N o longer confined to massive airports or daylight operations, a new tranche of electric vertical take-off and landing aircraft (eVTOLs) is demonstrating a different future—one where cargo moves seamlessly between locations without runways, human pilots, or daylight.
Making night flying routine
Operating aircraft at night in off-airport conditions has traditionally been the domain of manned missions with sophisticated support infrastructure. But Air’s cargo eVTOL has challenged that paradigm.

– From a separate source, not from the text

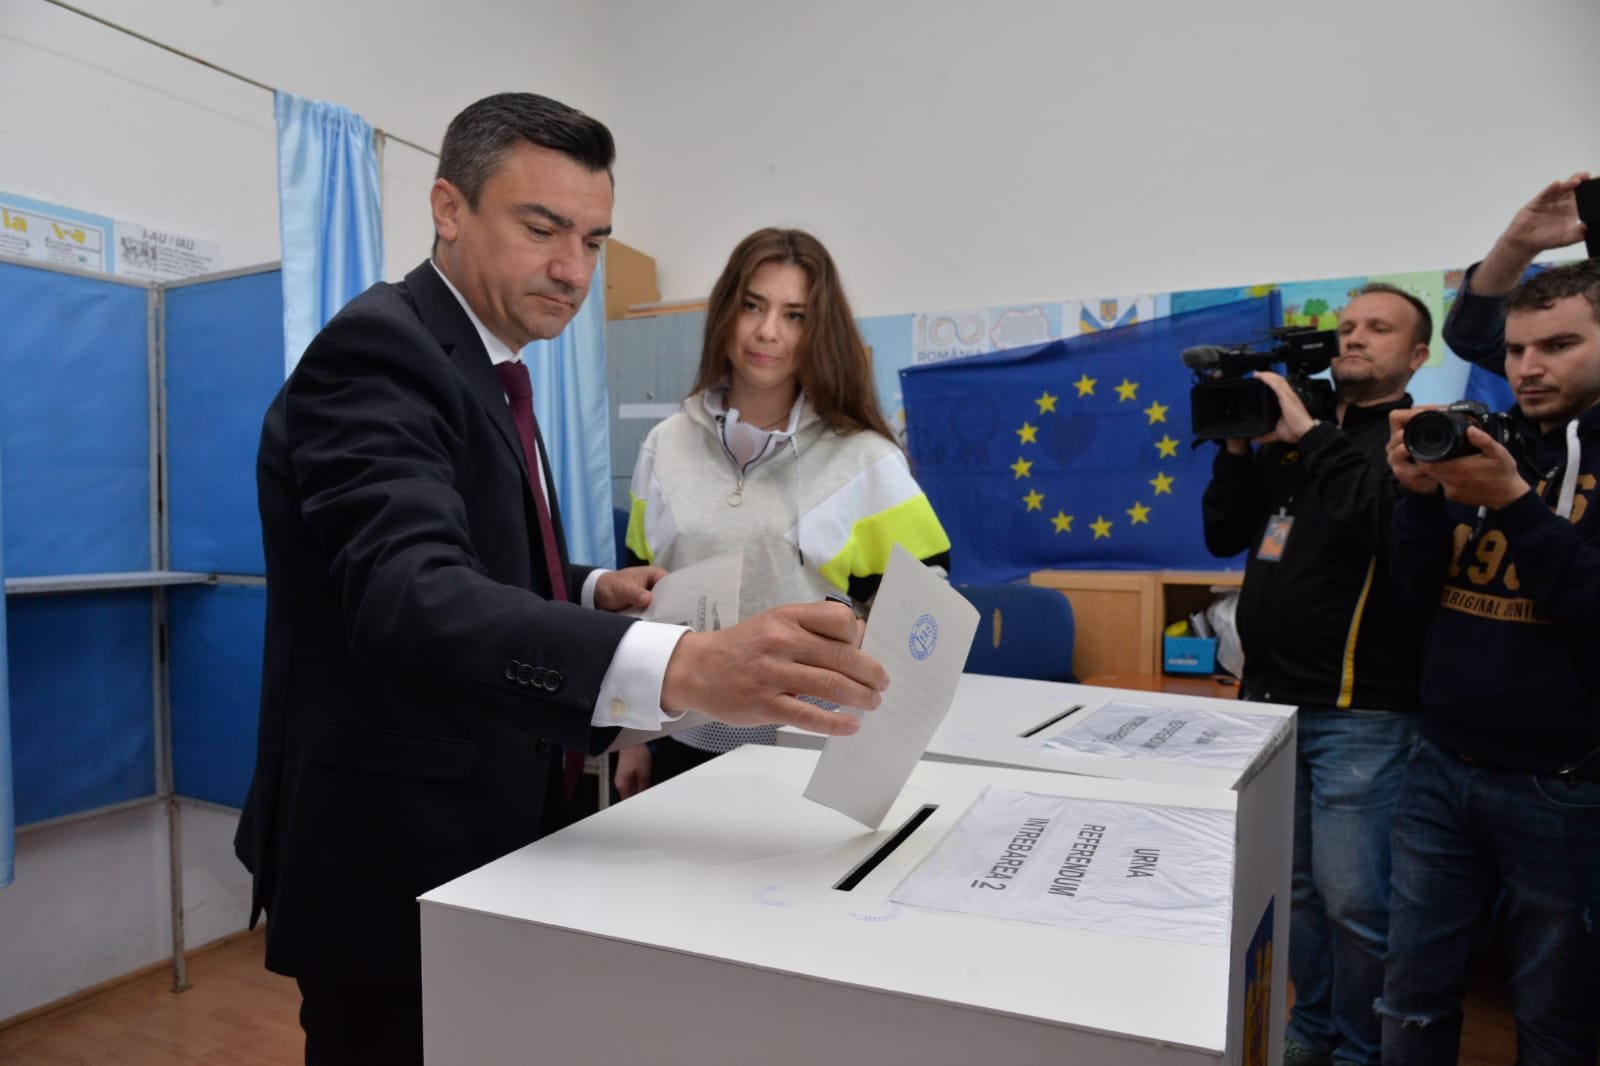  FOTO: Mihai Chirica și candidatul pe care îl susține au votat la prima oră

“Air’s cargo eVTOL leverages a combination of robust autonomous flight systems, optics, and precision navigation software for night operations,” Rani Plaut, CEO of Air, explained. “The aircraft’s integrated sensors and stabilisation systems enable safe take-off, landing (on a sloped surface), and routing in low-light, minimally equipped areas.” This is already happening. Air’s aircraft operate with minimal ground setup, a critical advantage when delivering goods to remote or austere environments. The company’s simplified ground interface allows non-specialist crews to execute seamless handoffs without relying on advanced infrastructure.
In other words, an eVTOL can land in a rural field at night, offload its cargo, and take off again—with no airport, no runway, and no pilot on board. “Safety is embedded through layered redundancy in flight control systems, real-time telemetry, and a fail-safe remote intervention capability,” Plaut said. “The aircraft also includes emergency return-to-base protocols and geofencing to avoid high-risk areas.”

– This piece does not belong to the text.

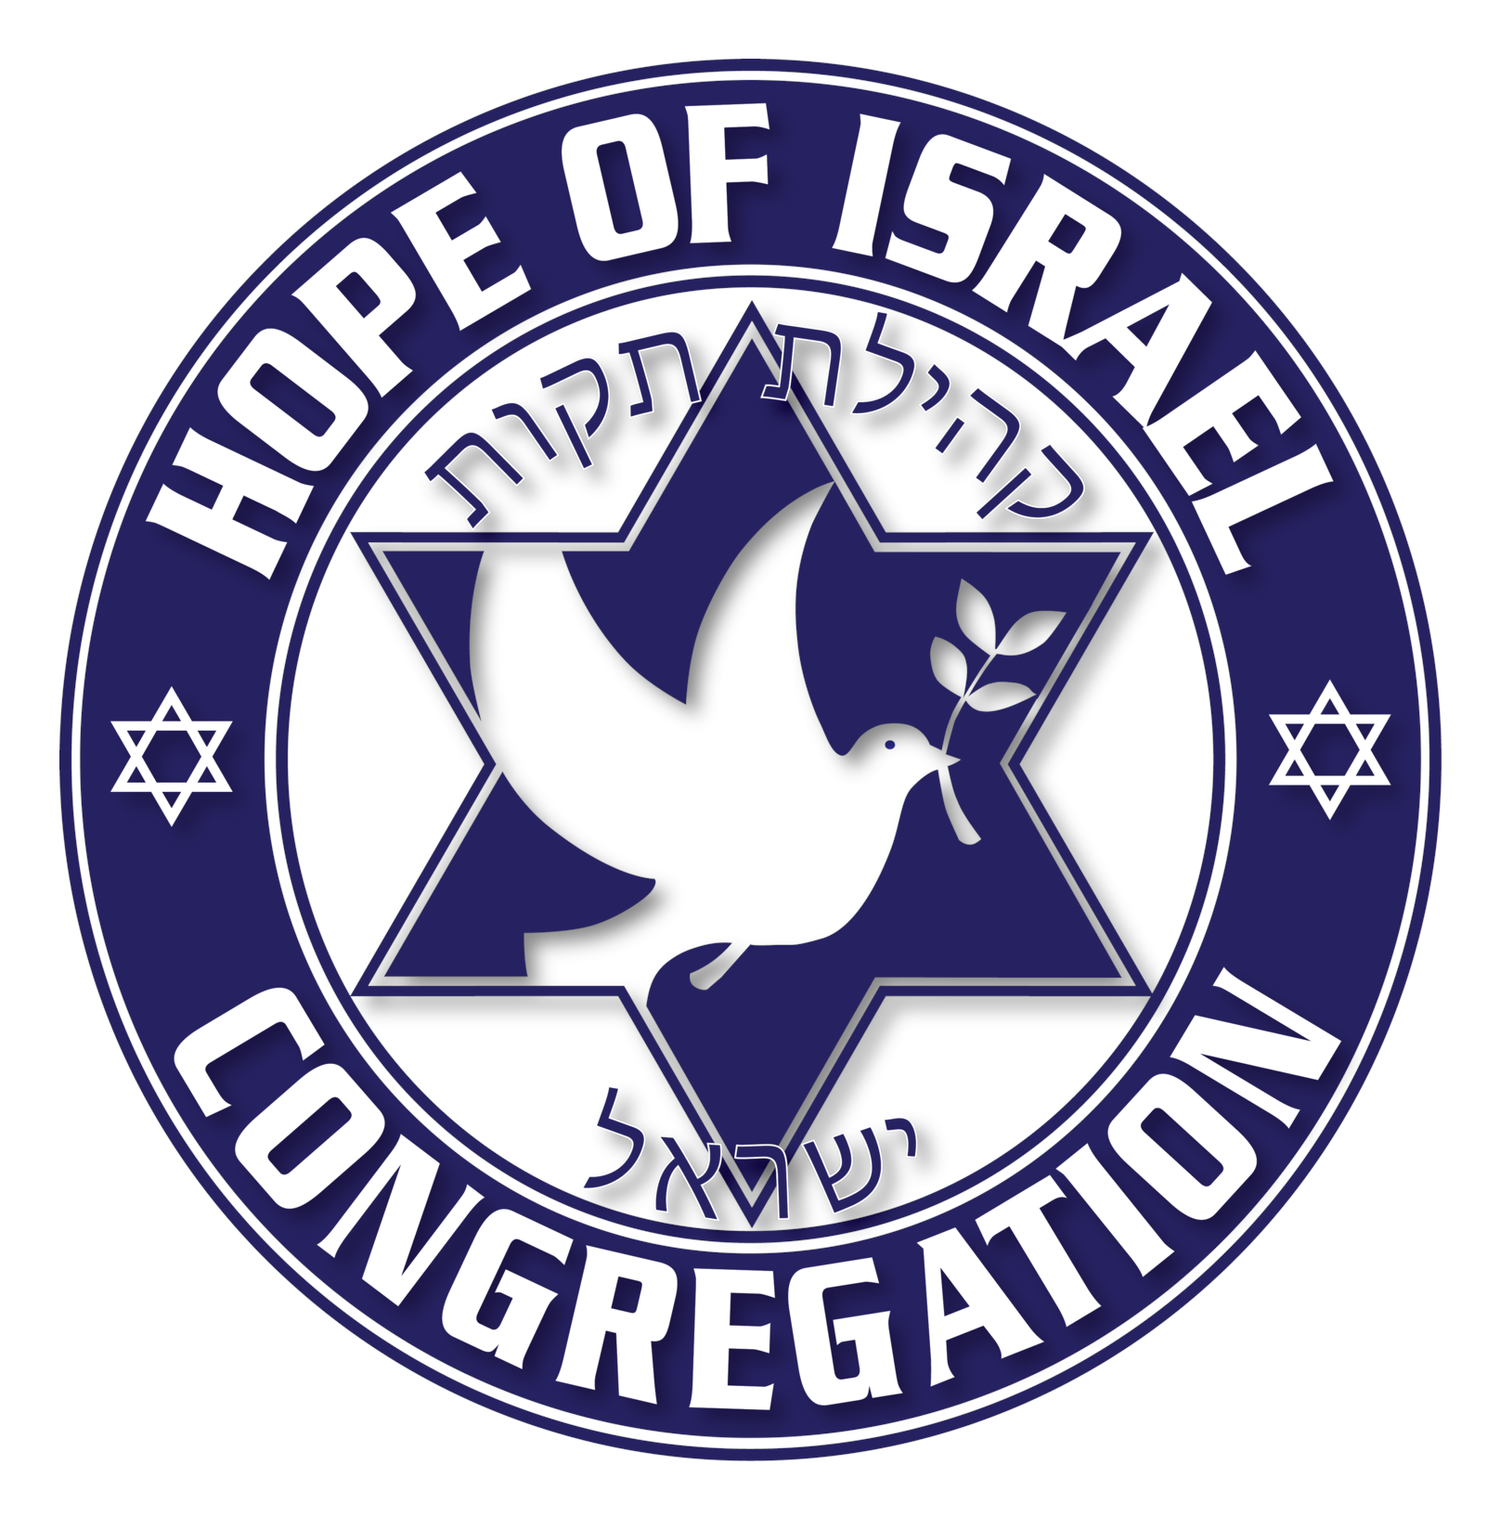 Hope of Israel Congregation

For Plaut, the core challenge wasn’t building sophisticated tech—it was making it usable. Real-world exercises with first-time crews validated the approach taken and proved that intuitive design can enable reliable operations, even at night. “The main challenge was simplifying unfamiliar operating procedures: reducing what could be a technical handoff into a process that anyone can follow with minimal training,” he said. “Air addressed this by designing a one-page, visual SOP that clearly outlines safety zones, loading steps, and latching procedures.”
Race for logistics airspace
The sector is crowded with hopefuls, so what’s under the hood matters. Air’s umodel is based on the same platform as its piloted Air One aircraft. This shared architecture means faster iteration, easier certification, and better scalability. “Air distinguishes itself through modularity, simplicity, and real-world deployability with large volume (70 cu ft) and a payload of 550 lbs,” Plaut said. “Air has already delivered its first unit and proven operational capability in nighttime and real-world missions.
“Our uncrewed cargo variant benefits from the same scalable platform as the piloted Air One, allowing cross-segment maturity, faster deployment, and a lighter path to certification.”
The implications extend beyond e-commerce. With its ability to operate in challenging terrains and zero-infrastructure zones, the cargo eVTOL opens doors to humanitarian aid, rural connectivity, and defence logistics. “This is one of the most compelling use cases for Air’s technology,” said Plaut. “The ability to deliver on-demand cargo in low-infrastructure areas without runways, in rough terrain, or during power outages makes it ideal for humanitarian missions, rural connectivity, and defence logistics. Its night operation capability further extends its reach into urgent, around-the-clock supply scenarios.”
Regulatory confidence
When an uncrewed aircraft proves itself in low-light, real-world conditions, regulators pay attention, so the implications of successful night cargo flights are vast.
“Demonstrating safe, repeatable operations at night is a major milestone in gaining regulatory confidence,” Plaut said. “It shows system reliability in low-visibility conditions and proves that SOPs, human factors, system logic, and remote operations are mature.”
This level of maturity is critical as regulators like the FAA and EASA shape policy frameworks around advanced air mobility. According to Plaut, the data from these operations is directly influencing the certification process.
“Successfully completing cargo missions at night under real-world constraints provides valuable data to regulators. It helps define operational envelopes for uncrewed aircraft and may influence policy on BVLOS [beyond visual line of sight] and off-airport operations,” he said.